Huyen encouraged DEVYN to be as “unapologetically herself and as authentic” as possible, and DEVYN quckly wrote her first song for this new era, a track called “WHO”. That song became part of an EP, which she wrote herself, titled the same name. This EP explored the nuanced, complicated sides of DEVYN. “Far gone in the deep end,” she sings on “Too Comfortable”. “I know I need to end it, but we’ve lost all of our senses.”
This time, DEVYN didn’t have to be a heroine or the perfect girl. She could simply be herself: a hopeless romantic, a woman dealing with the complicated feelings of love and finally, the messy freedom of growing into her own person.
DEVYN wrote in an Instagram post to announce the song, “[This is] one of my most intimate songs. Wrote about self discovery, acceptance of change, and most importantly embracing WHO I was, WHO I am, and WHO I will be.”
“I’m gonna love that song forever because it represents so much,” she said. She looks back on the time as a period “when I was realizing and embracing who I was and who I’m gonna be.”
“WHO” welcomed a new era in DEVYN’s career. She began to take ownership of her art, and embraced the complicated pieces of her past. Today, she wants other young women to know their worth and purpose. “I am such a strong advocate of being your unapologetic self and embracing all sides of who you are,” she said. “You may not like all of you, but there is beauty in the imperfections. It’s what separates you from everyone else.”
DEVYN and Huyen have a powerful ability to manifest goals for themselves.
Every year, the women write goals for themselves and in 2020, GEMINI, a burgeoning K-indie singer, was on their list of artists they wanted to work with.
“I resonated with GEMINI’s music so much and I thought, ‘I’d love to open for him one day,’” DEVYN remembered.
“You have to open for Gemini. We will open for him someday.” Huyen encouraged her friend.
Three years later, GEMINI announced the STILL BLUE tour, his first North American tour. When Huyen heard that he didn’t have an opener for his show in Seattle, she pitched DEVYN to fill the slot “without hesitation,” she cracked.

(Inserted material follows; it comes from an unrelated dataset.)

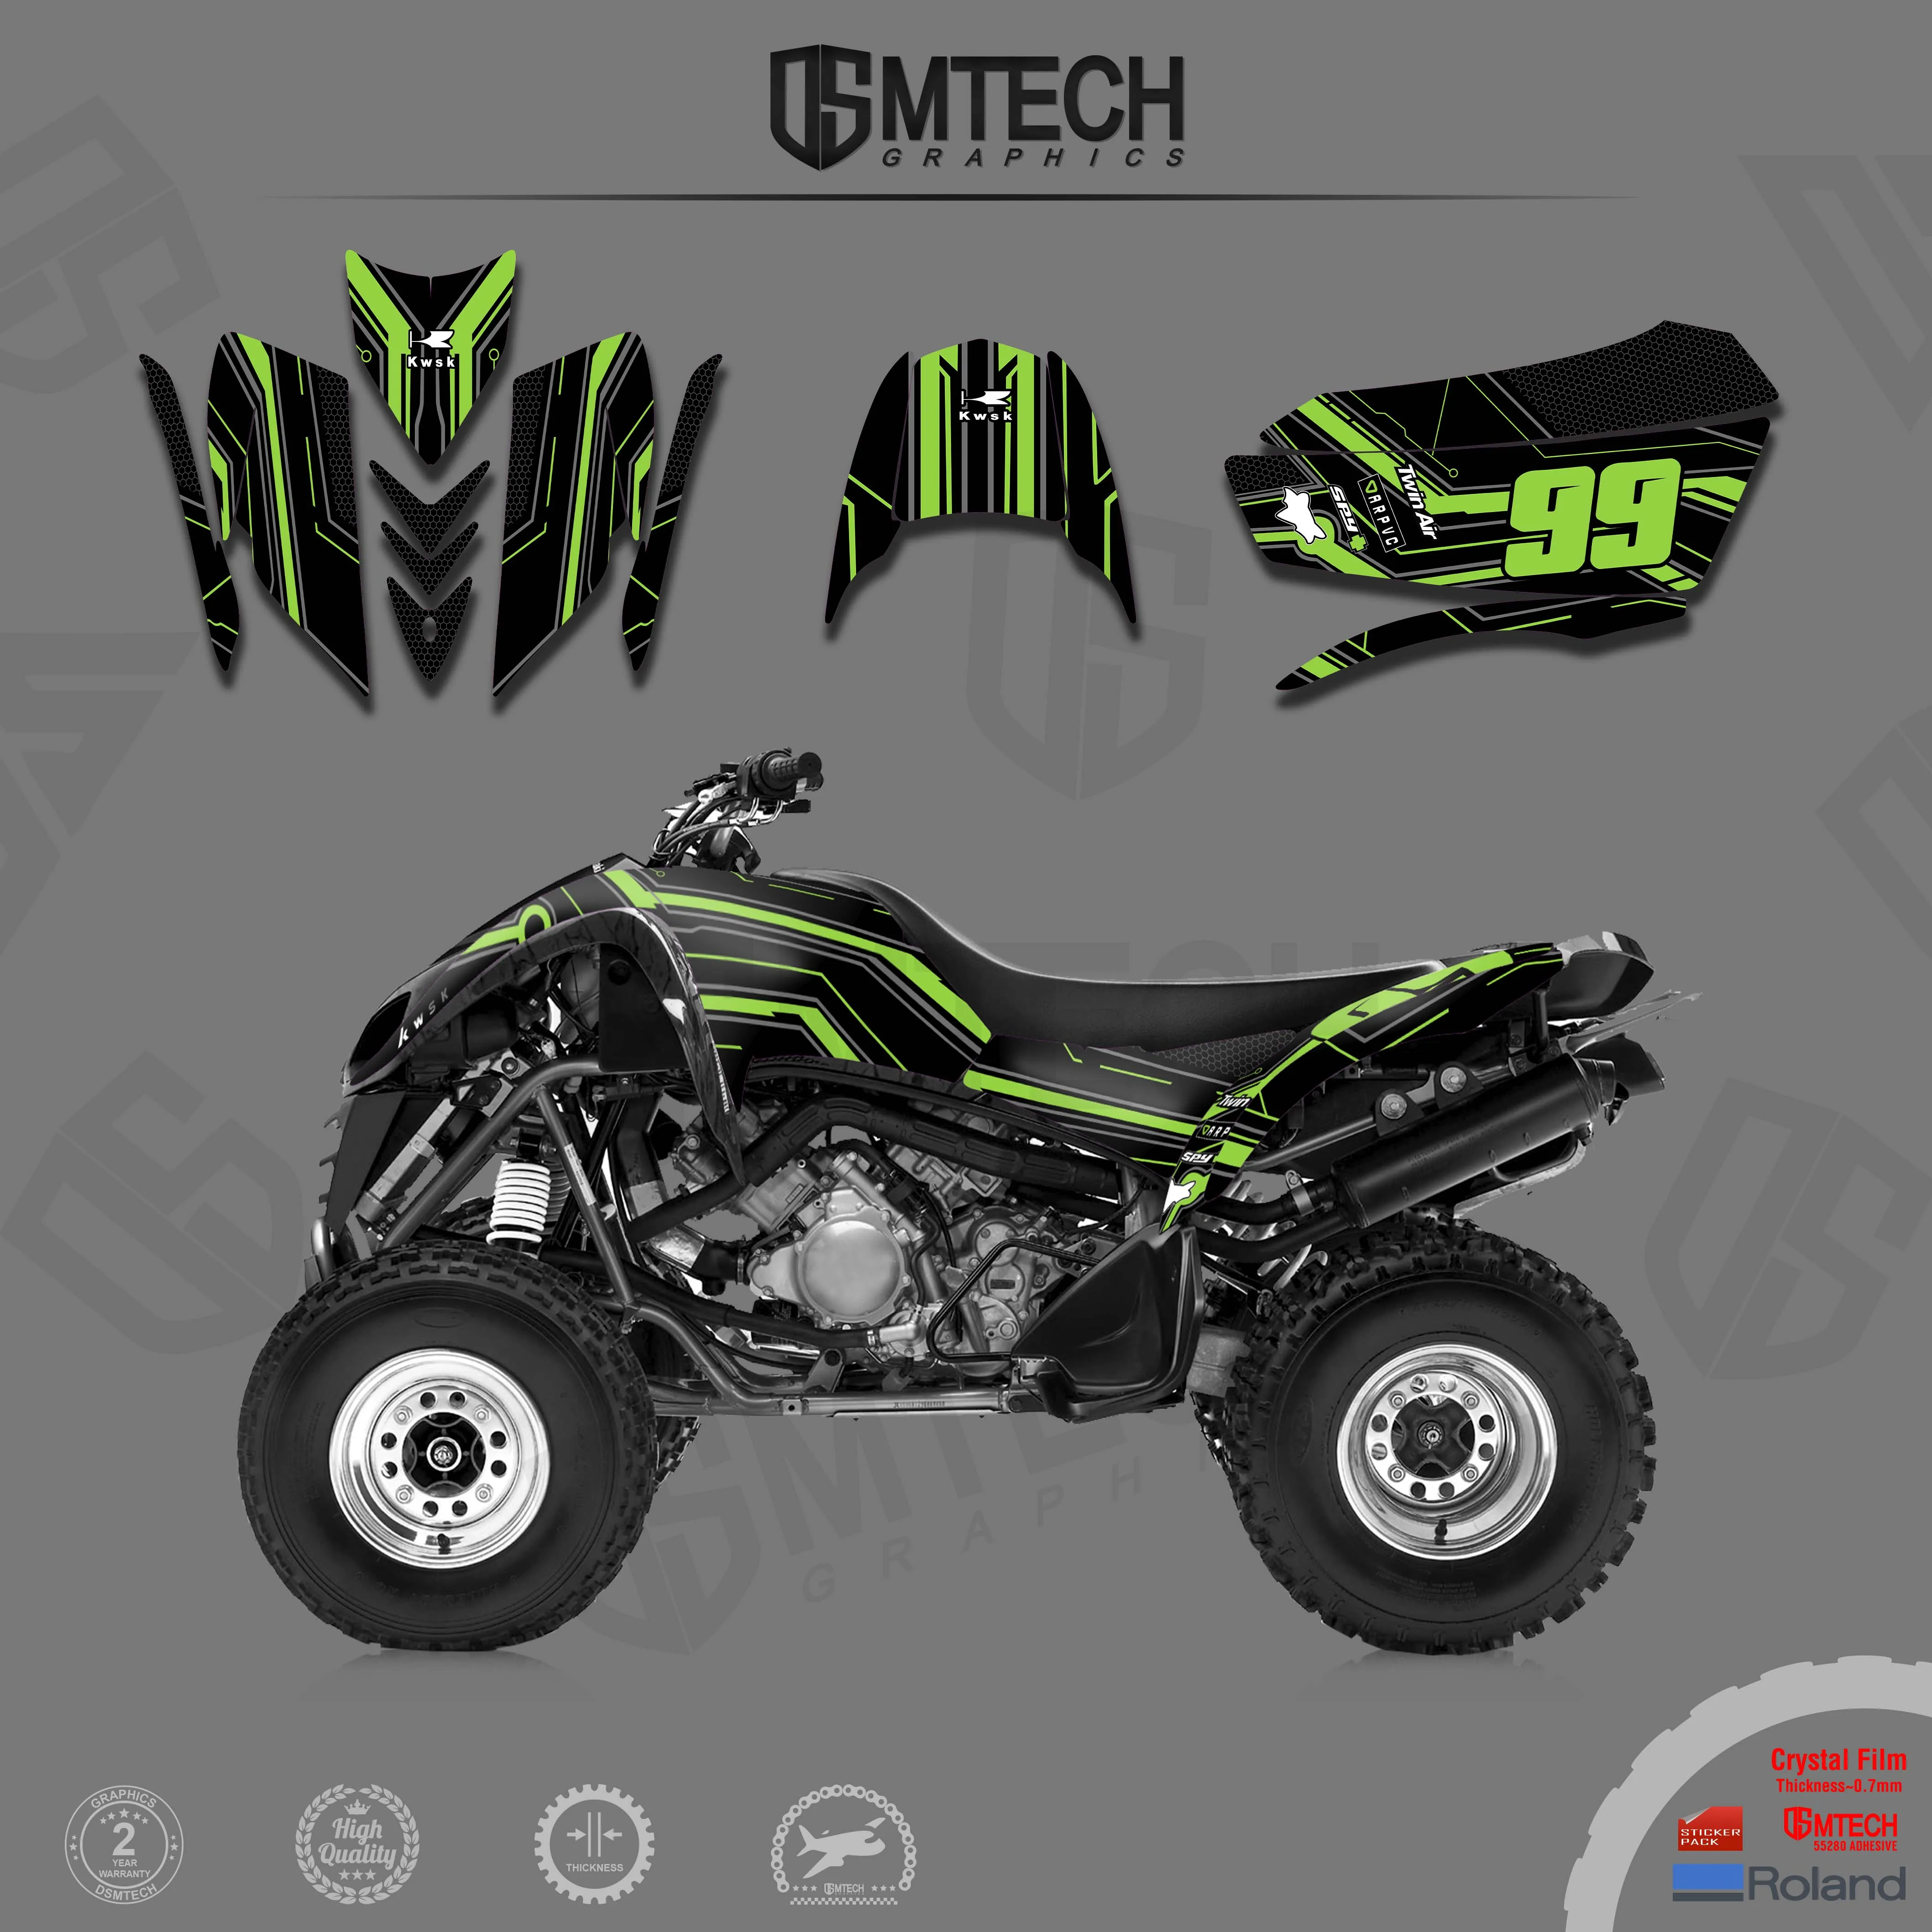 DSMTECH team motorcycle off-road sticker KFX Kawasaki  700 combination graphics kit

“Natalie immediately pitched me knowing that I’ve never performed a show,” DEVYN said and with excitement, she was accepted as the opener. “And I started rehearsing for it.”

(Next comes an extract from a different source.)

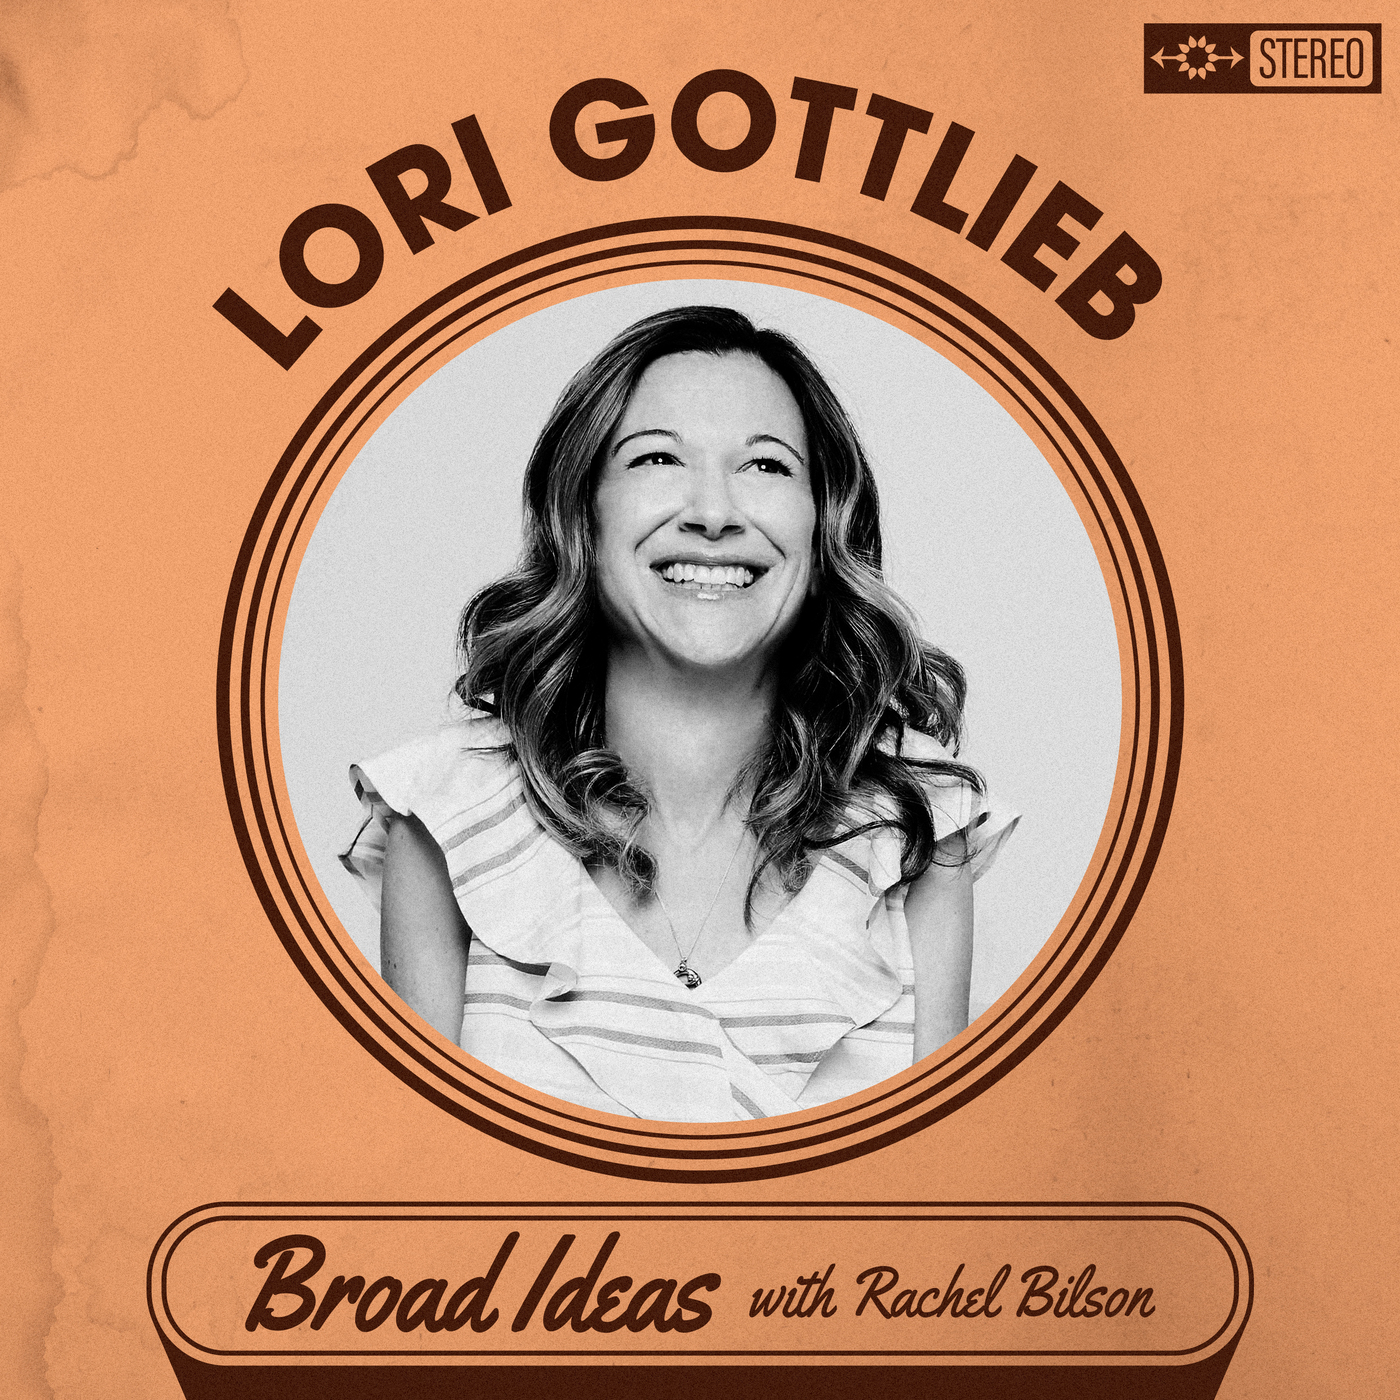 Lori Gottlieb on Idiot Compassion, Boundaries, and Self-Criticism

The show was both a homecoming and an affirmation that the three years of collaborative work is paying off. “As soon as I hit the stage, it confirmed everything that I’ve felt,” DEVYN said. “My whole family was there. My best friends were there. It was where I grew up. It was a full circle moment.”
In the weeks following the concert, DEVYN has been working on more music. This work builds on the lush, sophisticated songs she’s already released. “U”, a dreamy slow-burn of a song released in February, is remarkably self-assured for an artist who is still independent. She has another single called “Moon” dropping in June, which she describes as one of her most personal. She also has just released merch, which sold out at the show.
“I like to have a creative hand in everything I do,” she added. And she’s continuing to push her art: Shapeshifting into new looks, perfecting new styles of music, by reaching further into her identity to portray a woman who only answers to herself.
Huyen’s question launched DEVYN into the career she has now, but I wondered how she views herself today, three years after that pivotal question?
She paused, when I asked her this and held my gaze for a moment. “I see myself as a multi-faceted artist. I have so many interests in the creative and artistic field besides just making music and performing,” she said carefully. “I see myself selling out shows. I want to see myself on the big screens. I want to connect deeply with my fans and the support I have.”
But then she said perhaps the most important part, the piece that drives DEVYN to continue this work. “I just want to do what I love and am so passionate about,” she said, “to connect, create, and reach a deep level of vulnerability and authenticity.”